The following messages can be received from the server

Status changes

Action Message Description
Server listenining {"state": "listening"} Connection with the Speech to Text engine is initialised. If the connection is successful and the websocket is ready to process data, you will receive back a "state: listening" message. After receiving this message, you are able to send audio.
Server stopped listening {"state": "stopped"} Connection with the Speech to Text engine is stopped. The service will return the remaining blob that has to be processed. Once the connection with the Speech to Text engine is closed you will receive a "state: stopped" message.

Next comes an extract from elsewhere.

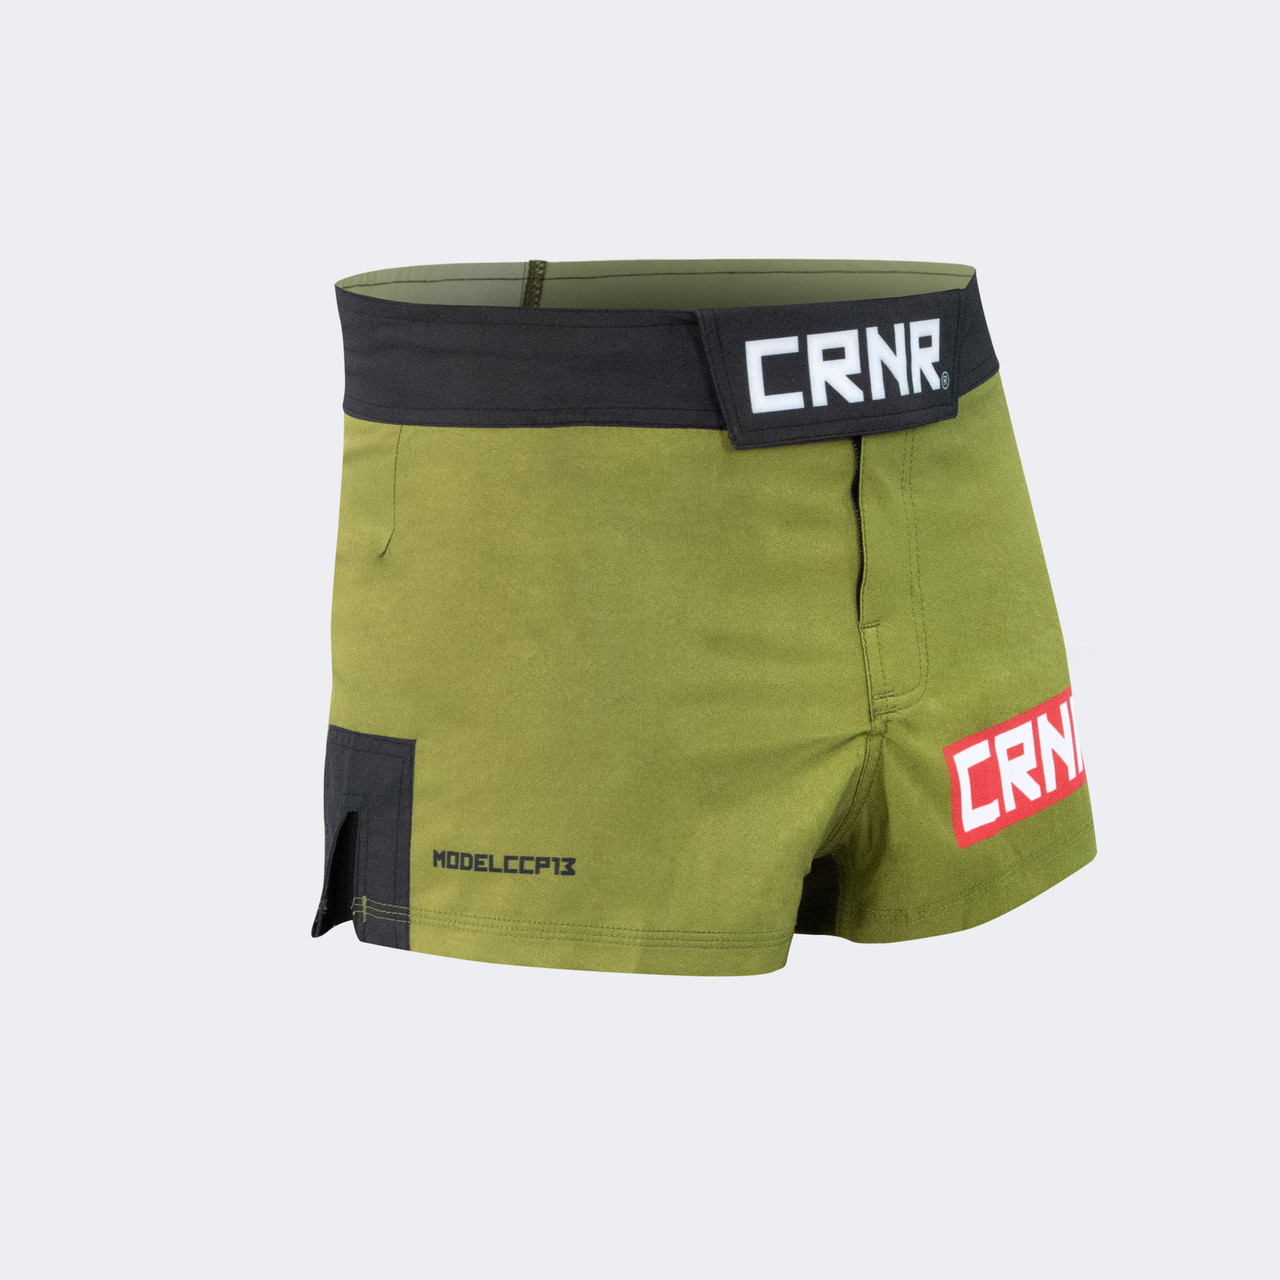 MMA-Shorts “COMBat”

It is not possible to start a new session once you've stopped it.
{"state": "shutting_down", "at": 1234567890} The real-time engine will throw this message to let you know it will shut down at a specific time in the future. This message is sent one hour before shutting down and will give you enough time (one hour by default) to either finish

Transcription results

Partial results

Partial result The first result sent after receiving a binary blob is a partial. The partial contains the spoken text currently detected and may be subject to change.

{
    "partial": "Je hoort natuurlijk zeker”
}

Full result

When the real-time engine is confident about a full result it will send it in the following format:

{
    "result": [
        [ "Je", 12046, 12286, 1 ],
        [ "hoort", 12286, 12526, 1 ],
        [ "natuurlijk", 12526, 12796, 1 ],
        [ "zeker", 12796, 13096, 1 ],
        [ "in", 13096, 13156, 1 ],
        [ "’s-gravenhage", 13156, 13666, 1 ],
        [ "verhalen", 13666, 14055, 0.999713 ],
    ],
    "text": "Je hoort natuurlijk zeker in ‘s-gravenhage verhalen"
}

The result is an object with two keys, the result and text. The result consists of the words spoken with metadata. The metadata is formatted as following:

     [ "word", time_start, time_stop, confidence ]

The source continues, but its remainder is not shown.